A hockey player is standing on his skates on a frozen pond when an opposing player, moving with a uniform speed of 2.0 m/s, skates by with the puck. After 2.00 s, the first player makes up his mind to chase his opponent. If he accelerates uniformly at 0.10 m/s2, determine each of the following.
(a) How long does it take him to catch his opponent? (Assume the player with the puck remains in motion at constant speed.)
(b) How far has he traveled in that time?
I am confused on how to get 2 relating equations to find the time.
The go the same distance.
distance1=2(t)
distance2=1/2 *.1(t-2)^2
set them equal, solve fodr time t. This is the time after initial passing.
solve for distance.
I solved for time, did the quadratic & got 43.9 seconds. I used that to get a distance of 96.4 meters. The program said that they are both incorrect (might be due to significant figures) so I'm not sure where I went wrong.
To solve this problem, you can use the equations of motion. There are two relevant equations that you can use:
1. vf = vi + at
This equation relates the final velocity (vf), initial velocity (vi), acceleration (a), and time (t).
2. d = vit + (1/2)at^2
This equation relates the displacement (d), initial velocity (vi), acceleration (a), and time (t).
In this case, let's assume the initial velocity of the first player (chasing player) to be zero (since he is initially stationary). The velocity of the player with the puck is given as 2.0 m/s, and the acceleration of the chasing player is 0.10 m/s^2.
(a) How long does it take him to catch his opponent?
Using equation 1, we can substitute the known values into the equation:
vf = vi + at
0 = (2.0 m/s) + (0.10 m/s^2)(t)
Now, solve for t:
0.10 m/s^2(t) = -2.0 m/s
t = -2.0 m/s / 0.10 m/s^2
t = -20 s/m^2
Since time cannot be negative in this context, we can conclude that the chasing player will never catch his opponent. There is no solution for this part of the question.
(b) How far has he traveled in that time?
Since the chasing player cannot catch his opponent, we do not need to calculate the distance traveled.
To solve this problem, we can use two key equations: the equation of motion for the first player and the equation for the relative velocity between the two players.
Let's take a look at the equation of motion for the first player:
1. Equation of motion: s = ut + (1/2)at^2
where:
s = distance traveled
u = initial velocity
t = time
a = acceleration
In this case, the initial velocity (u) of the first player is 0 m/s since he was initially stationary. The acceleration (a) is given as 0.10 m/s^2.
We need to find the time it takes for the first player to catch his opponent, so we set up the equation for the relative velocity between the two players:
2. Relative velocity equation: v_rel = v_opponent - v_first_player
where:
v_rel = relative velocity between the two players
v_opponent = velocity of the opponent (2.0 m/s)
v_first_player = velocity of the first player (initially 0 m/s, but increasing with time due to acceleration)
At the moment when the first player starts chasing his opponent (after 2.00 seconds), the opponent has already traveled a distance given by:
distance_opponent = v_opponent * (2.00 s)

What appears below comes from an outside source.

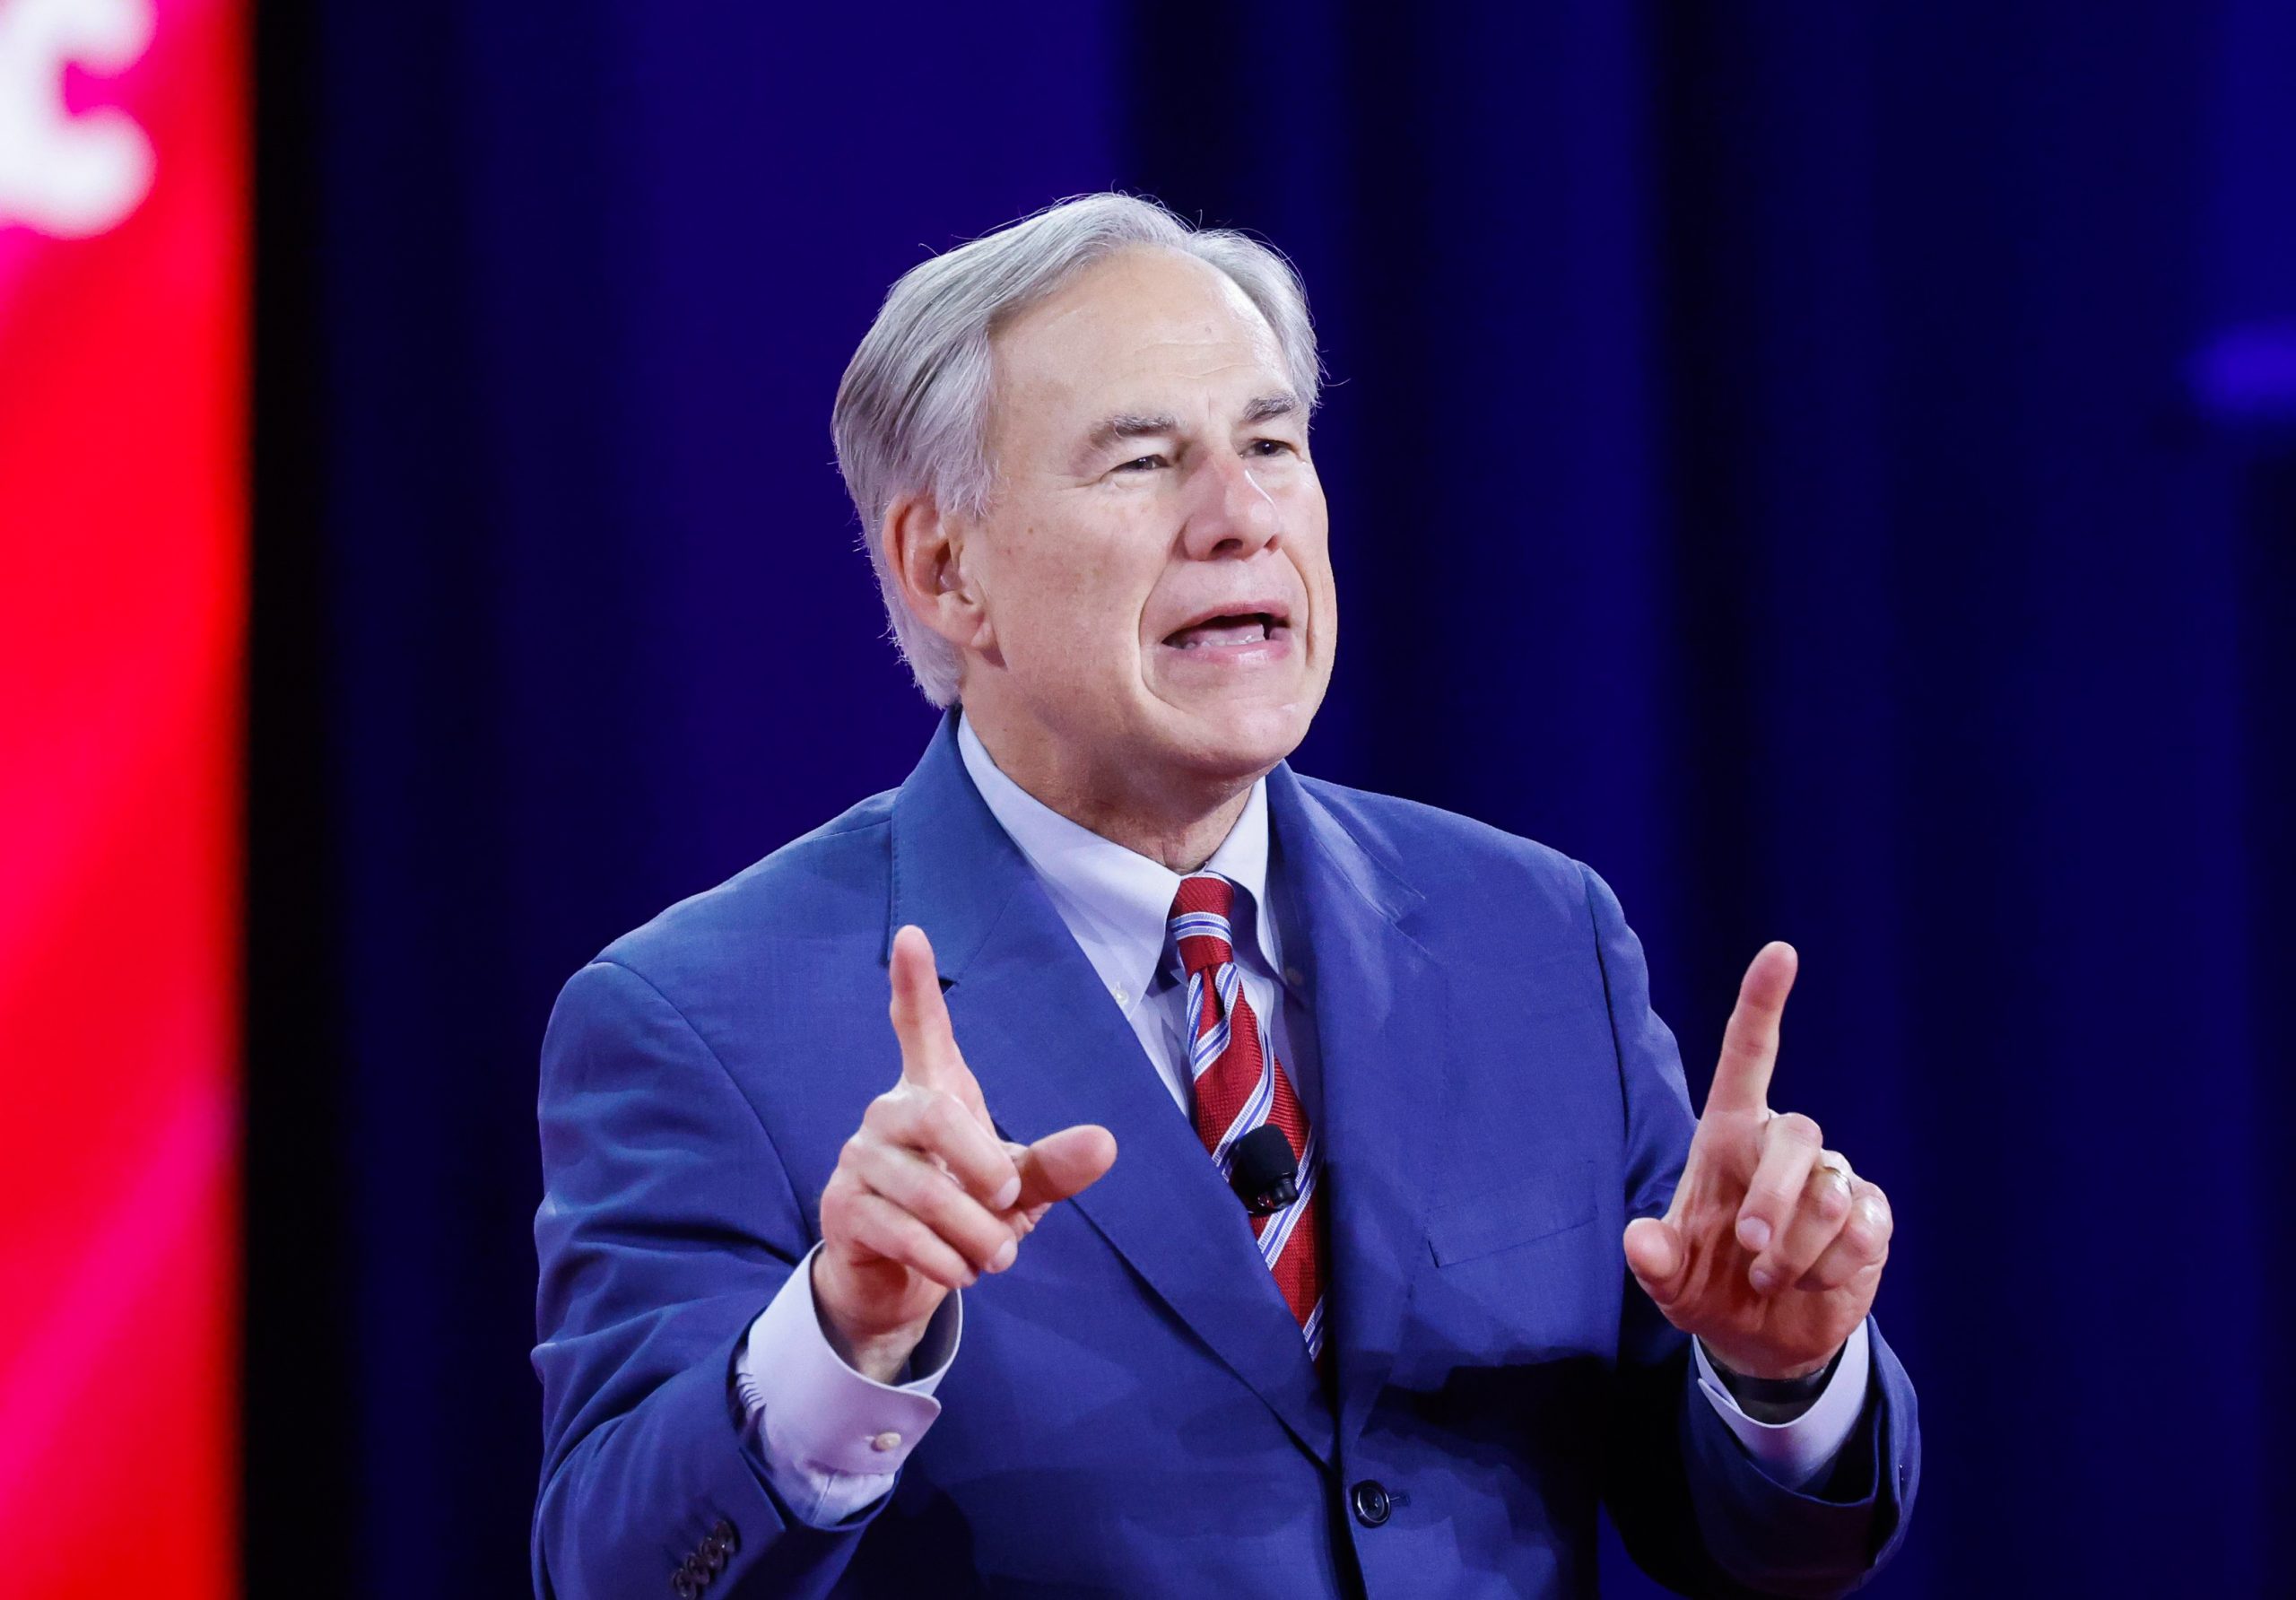 Texas Gov. Greg Abbott speaks during Day 1 of the Conservative Political Action Conference at the Hilton Anatole in Dallas on Aug. 4, 2022. Shafkat Anowar/The Dallas Morning News/TNS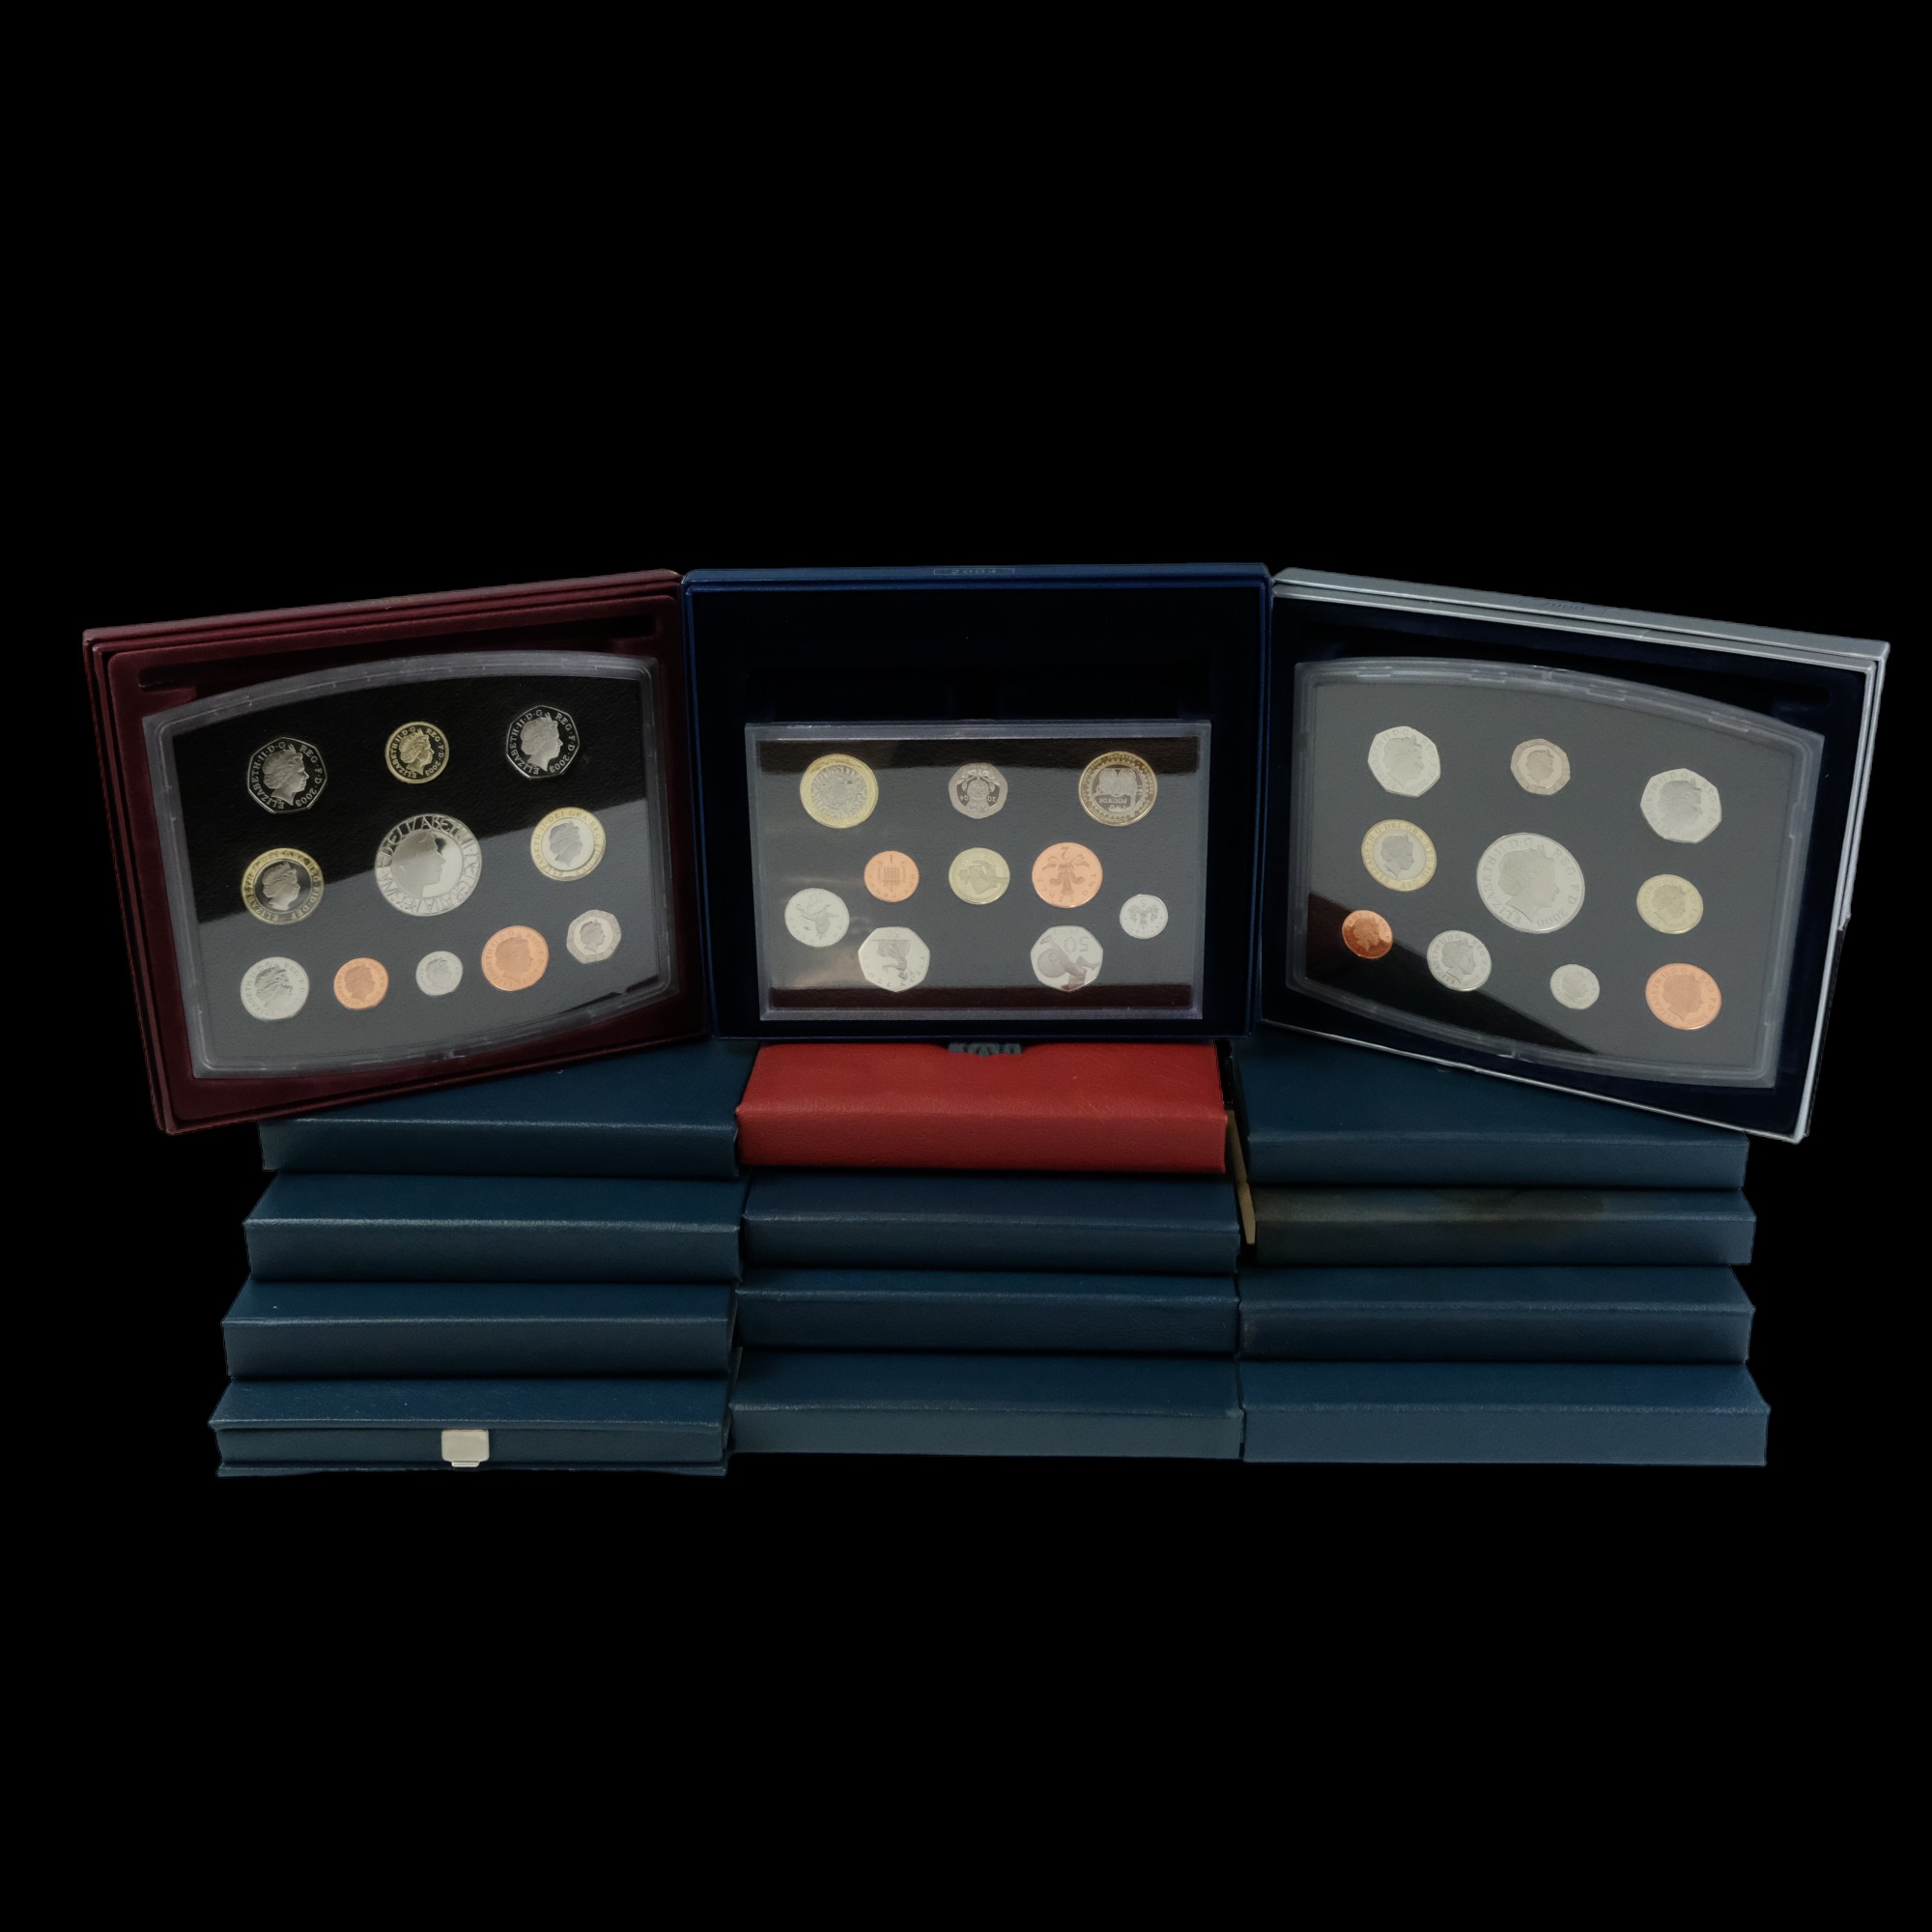 A collection of Royal Mint proof year coin sets, 1985-2004, (lacking four years)

To find out when the first player catches his opponent, we set up the equation:
distance_opponent = distance_first_player
v_opponent * (2.00 s) = v_first_player * t
Substituting the values we have:
2.0 m/s * (2.00 s) = 0 + (0.10 m/s^2) * t
From here, you can solve for the time (t). Simplifying the equation gives:
4.0 m = 0.10 m/s^2 * t
Now, divide both sides of the equation by 0.10 m/s^2:
t = 4.0 m / 0.10 m/s^2
t = 40 s
So, it will take the first player 40 seconds to catch his opponent.
To find the distance traveled by the first player in that time, we can use the equation of motion again:
s = ut + (1/2)at^2
Substituting the given values:
s = 0 * (40 s) + (1/2) * (0.10 m/s^2) * (40 s)^2
You can solve this equation to find the distance traveled (s).